··· DATA EXCERPT

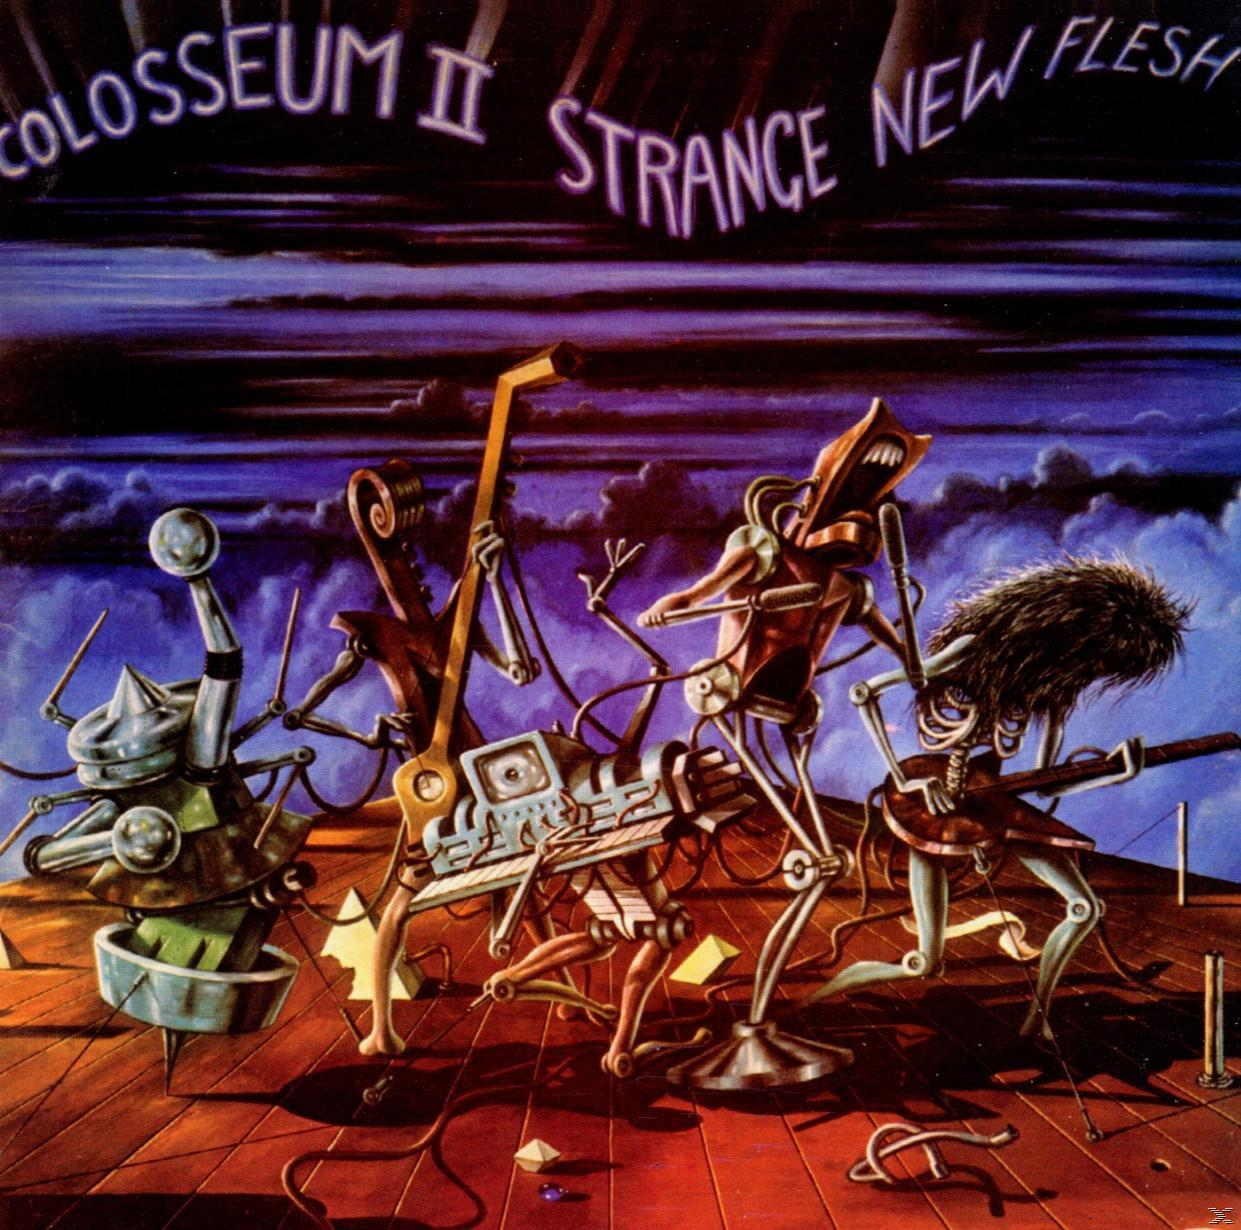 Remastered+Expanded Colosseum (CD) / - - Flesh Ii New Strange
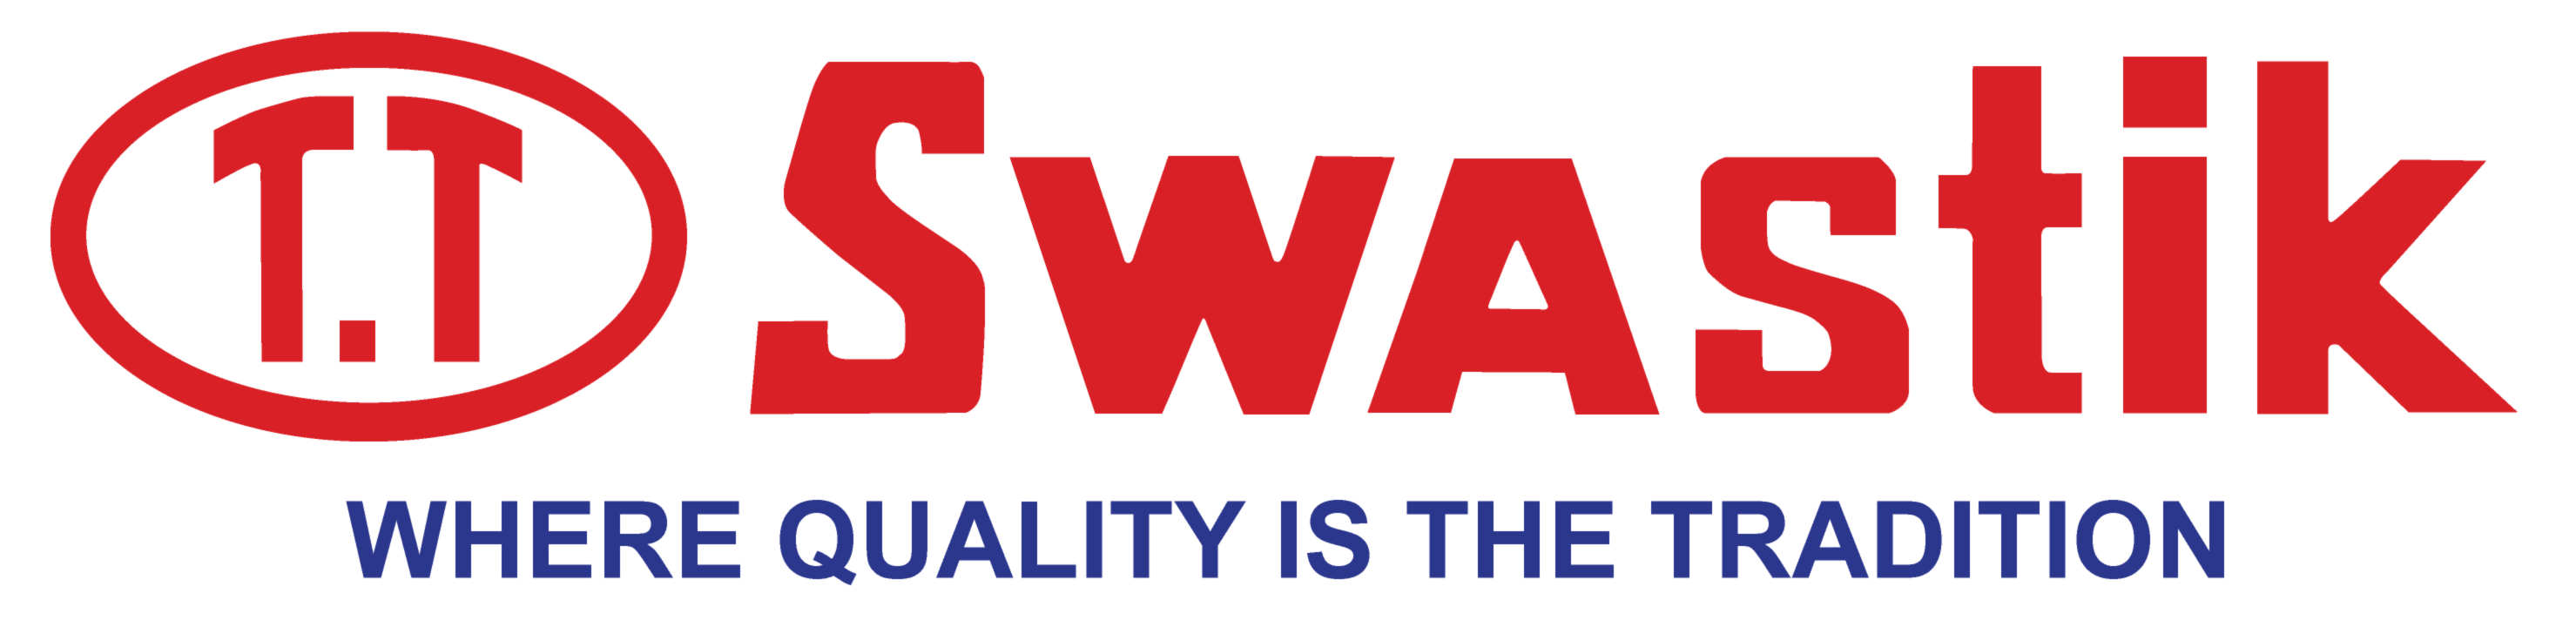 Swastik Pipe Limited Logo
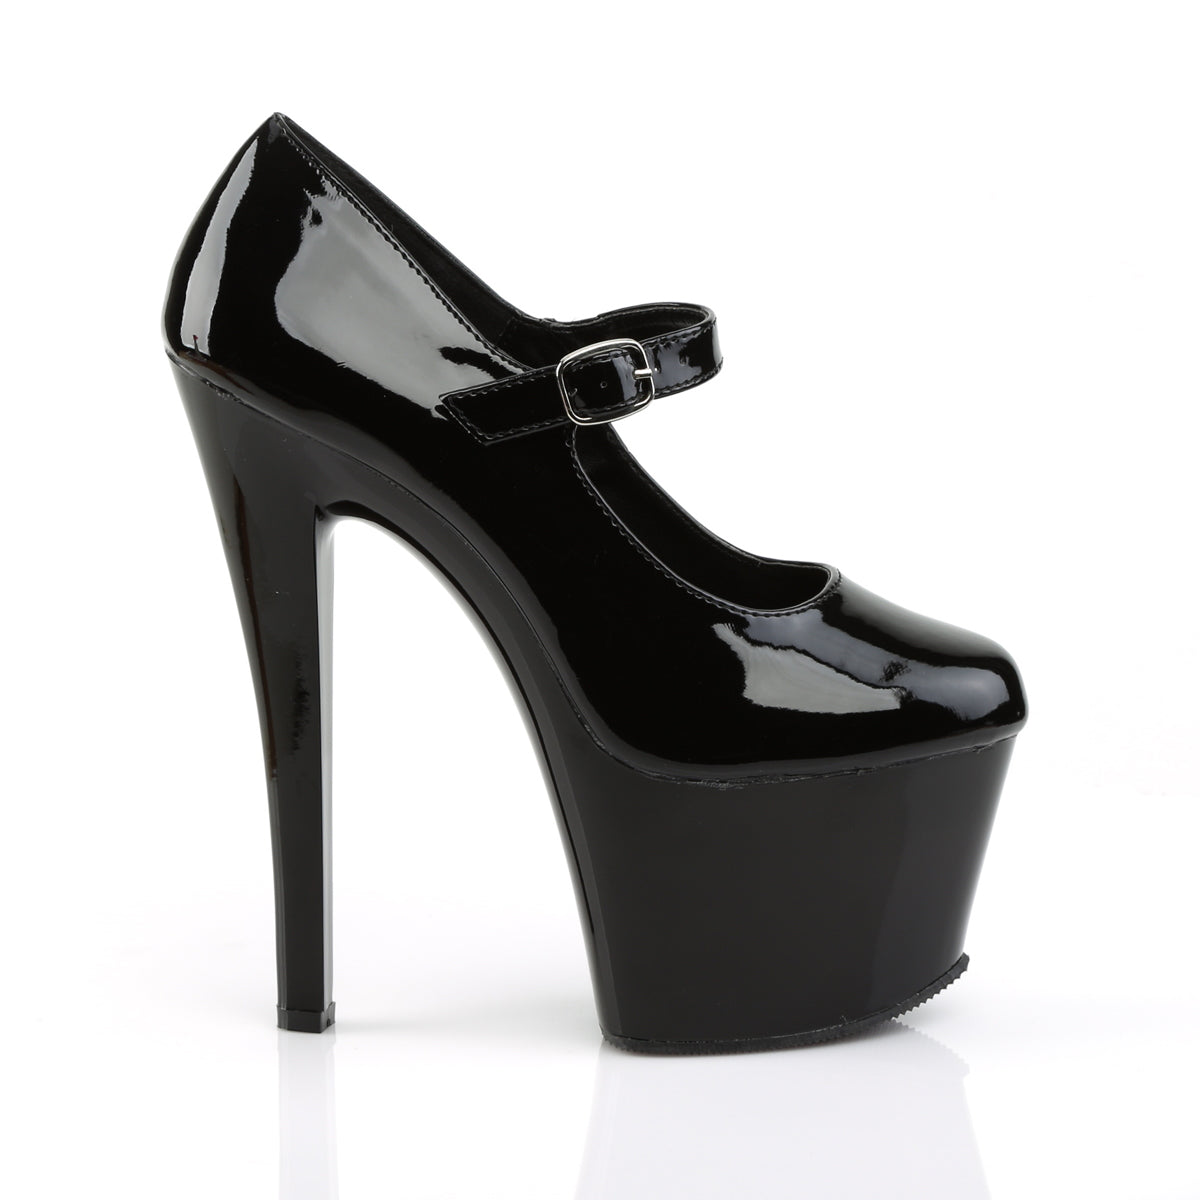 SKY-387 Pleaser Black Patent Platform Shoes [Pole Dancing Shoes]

······

__TASK DETAILS__: Your response must reproduce every line of the data exactly, with images omitted.

__RESULT BELOW__:
 Remastered+Expanded Colosseum (CD) / - - Flesh Ii New Strange
 Swastik Pipe Limited Logo
 SKY-387 Pleaser Black Patent Platform Shoes [Pole Dancing Shoes]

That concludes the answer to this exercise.